• COLLECTED DATA:
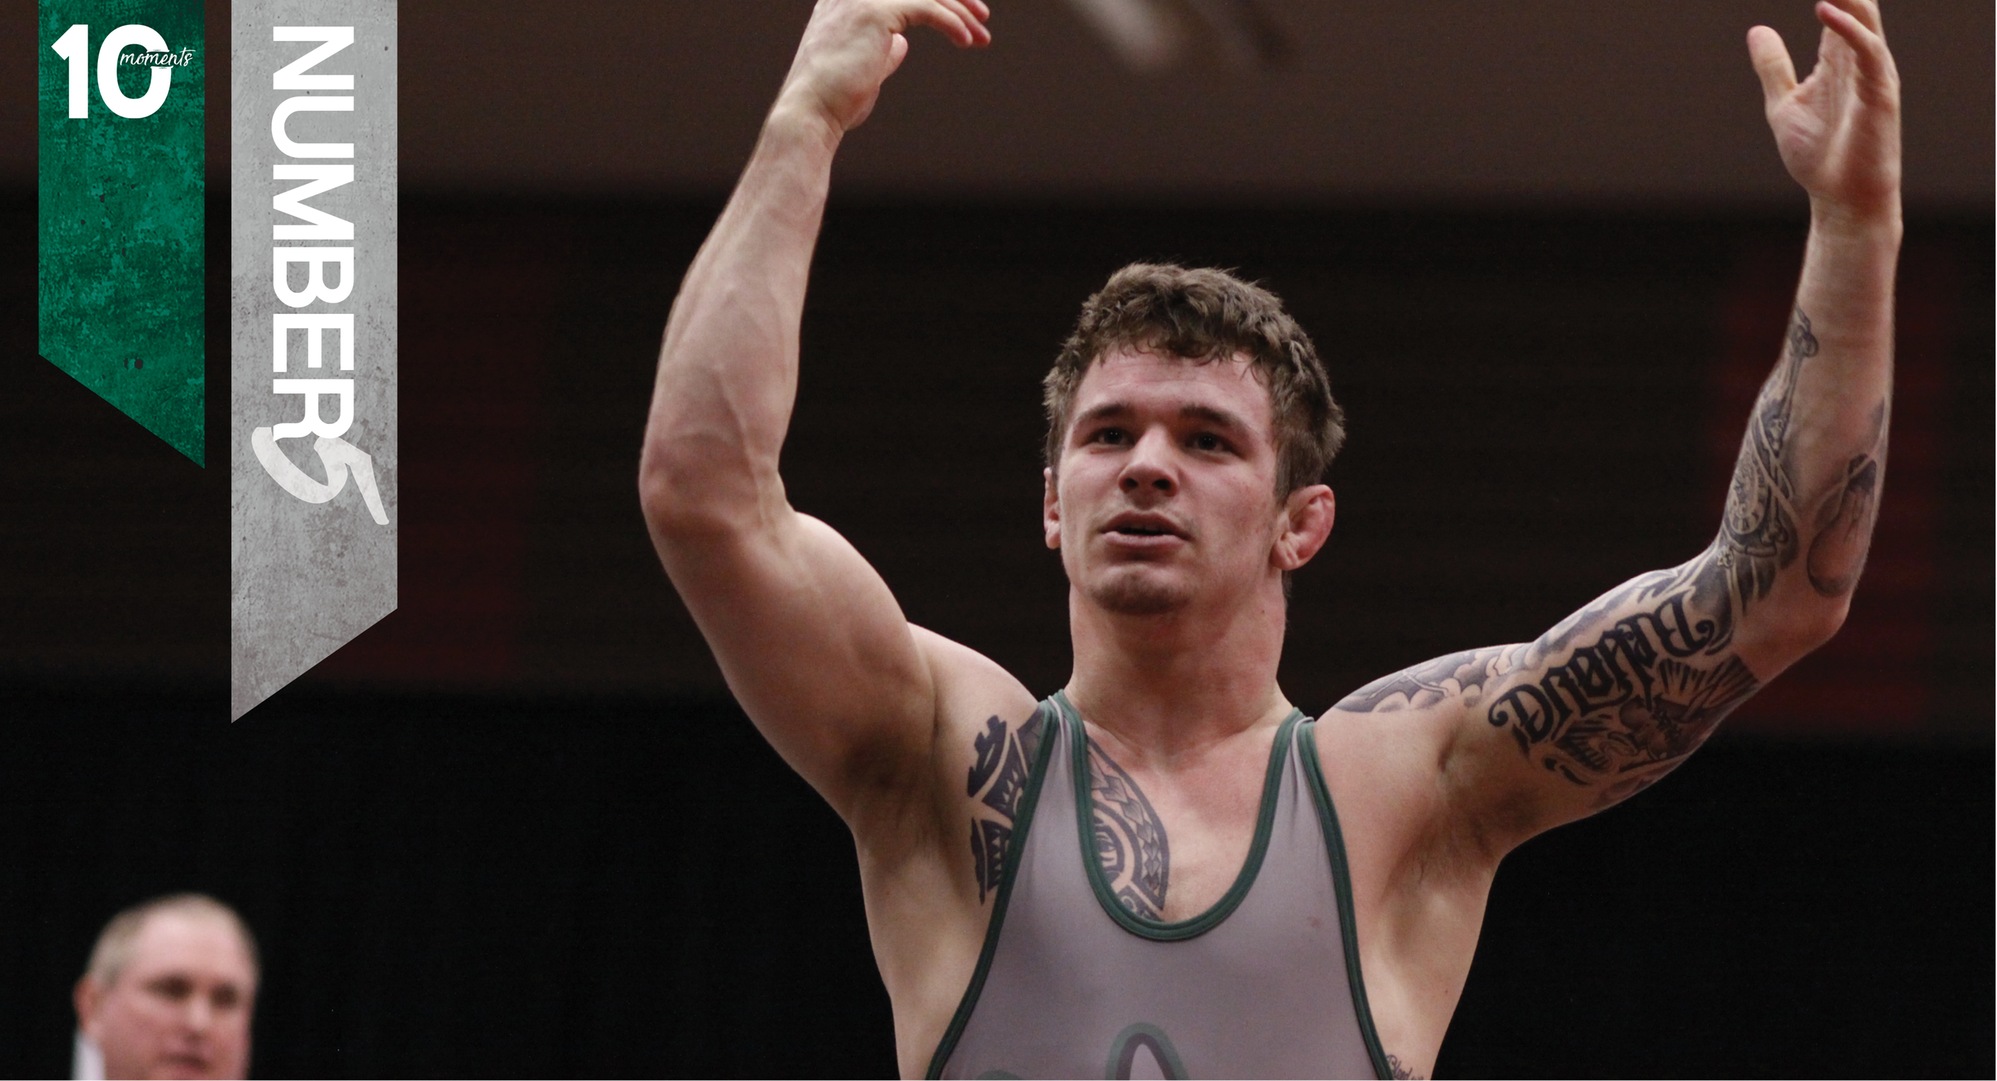 2017-18 CSU Athletics Top 10 Moments | #5 - Evan Cheek Wins EWL Title and Named Most Outstanding Wrestler
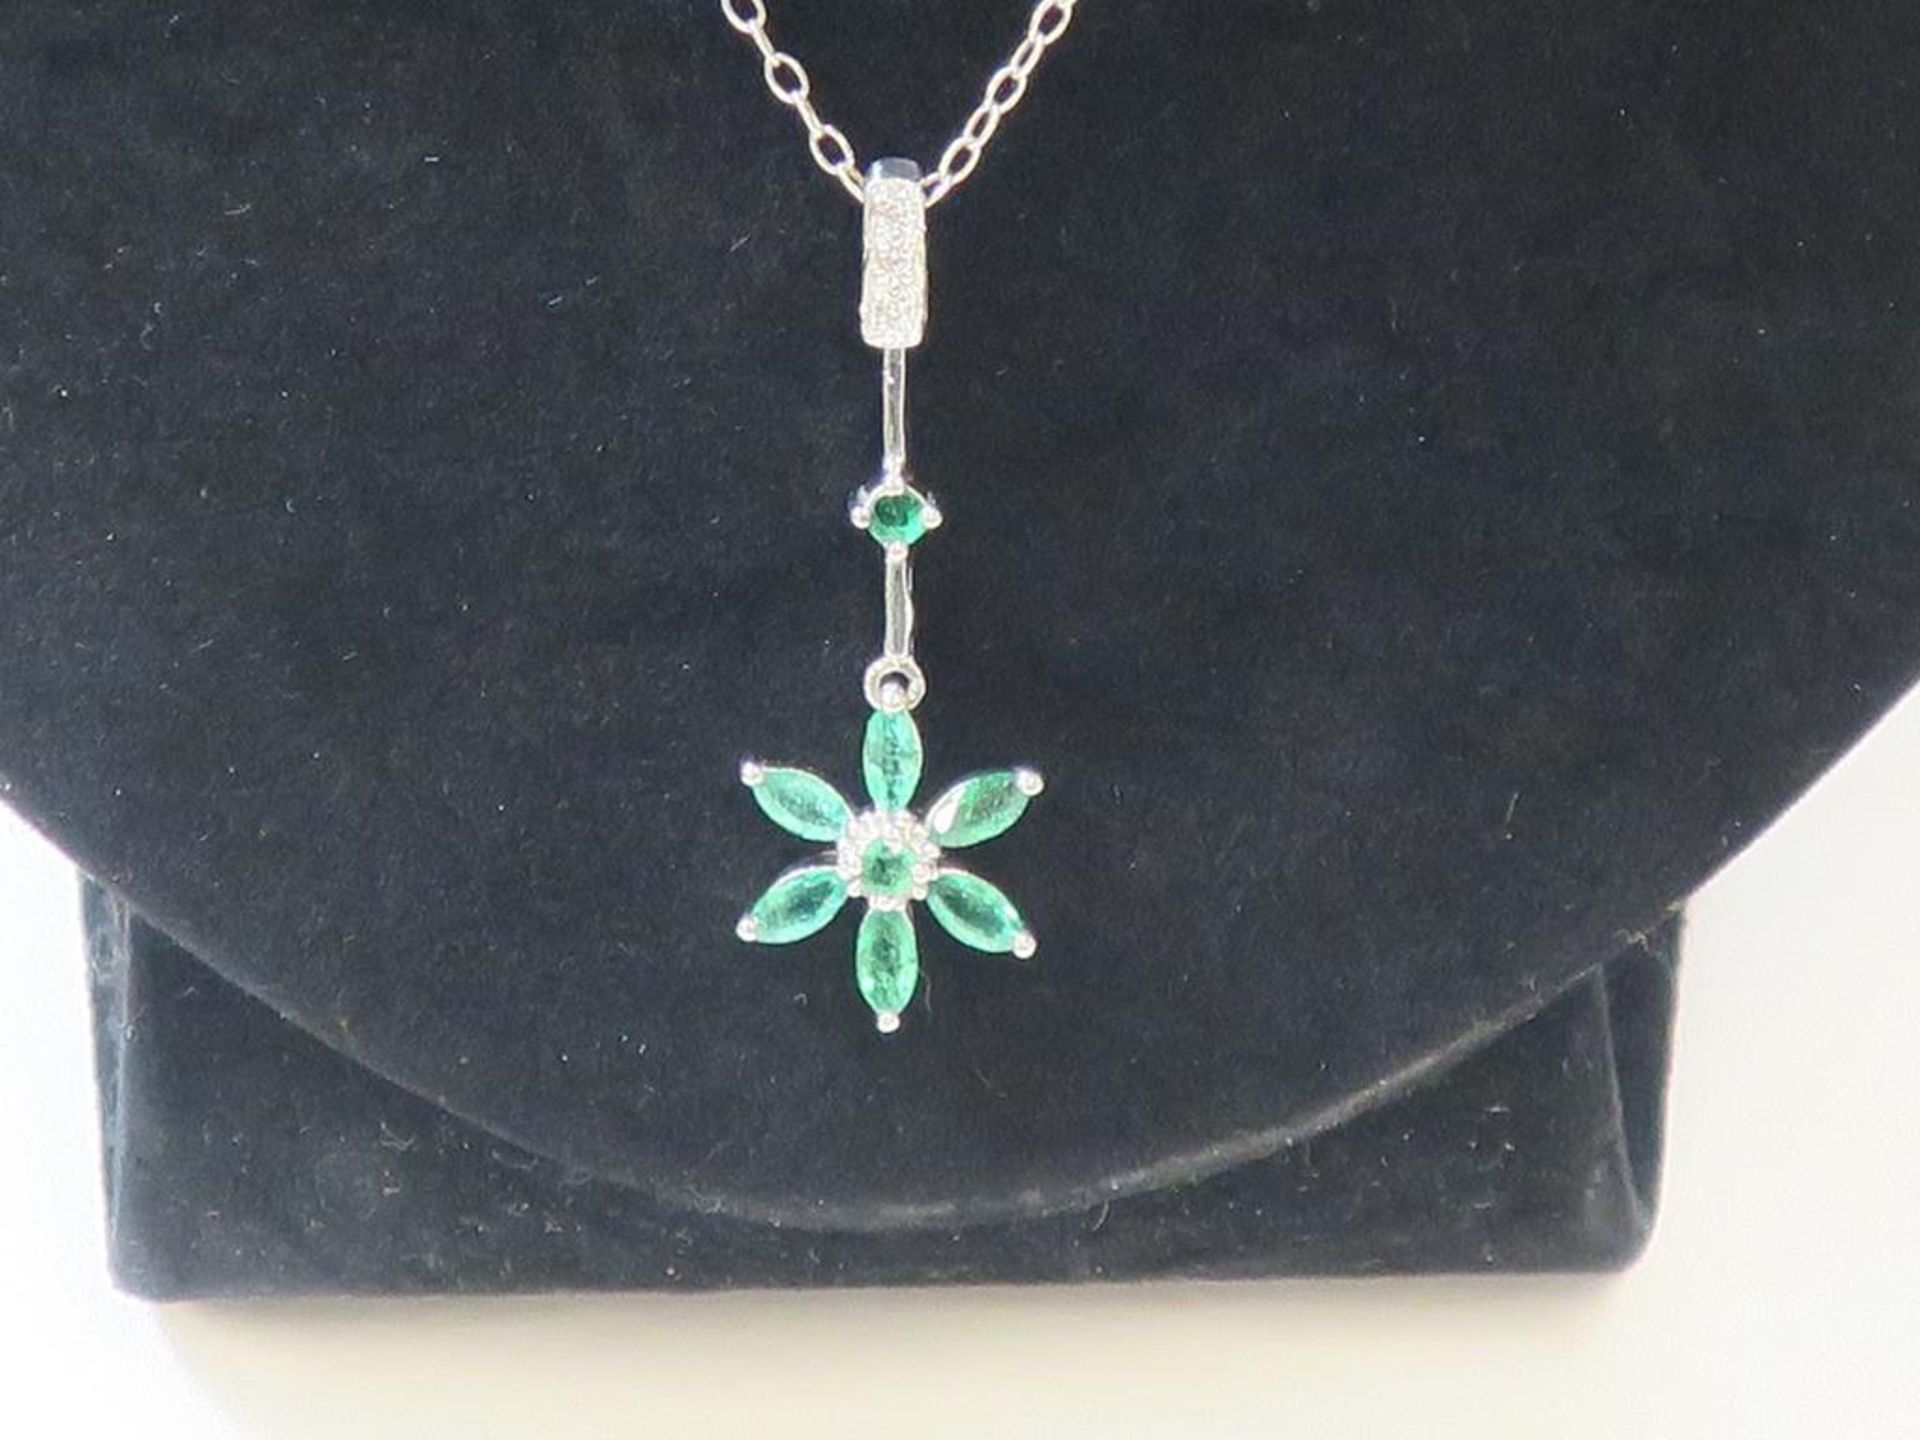 A Silver, Emerald and Diamond Necklace (est £40-£80) - Image 2 of 3
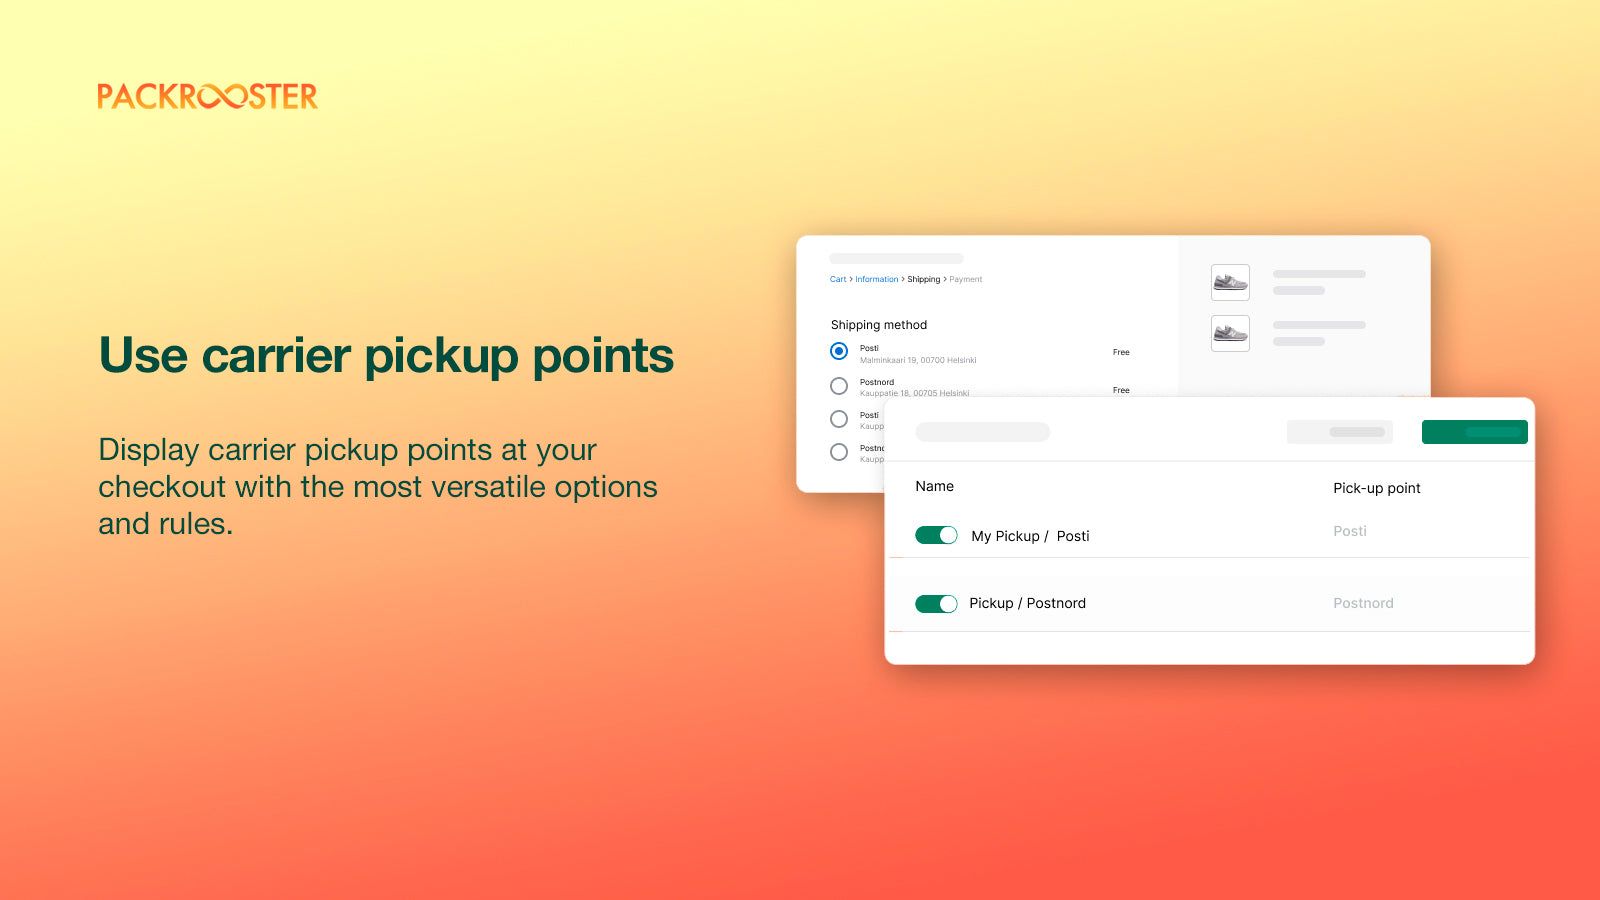 Show carrier pickup points at checkout

• WHAT NEEDS TO BE DONE:
Would you write out the data exactly, with no pictures in the copy?

• REPLY TO THE TASK:
 2017-18 CSU Athletics Top 10 Moments | #5 - Evan Cheek Wins EWL Title and Named Most Outstanding Wrestler
 A Silver, Emerald and Diamond Necklace (est £40-£80) - Image 2 of 3
 Show carrier pickup points at checkout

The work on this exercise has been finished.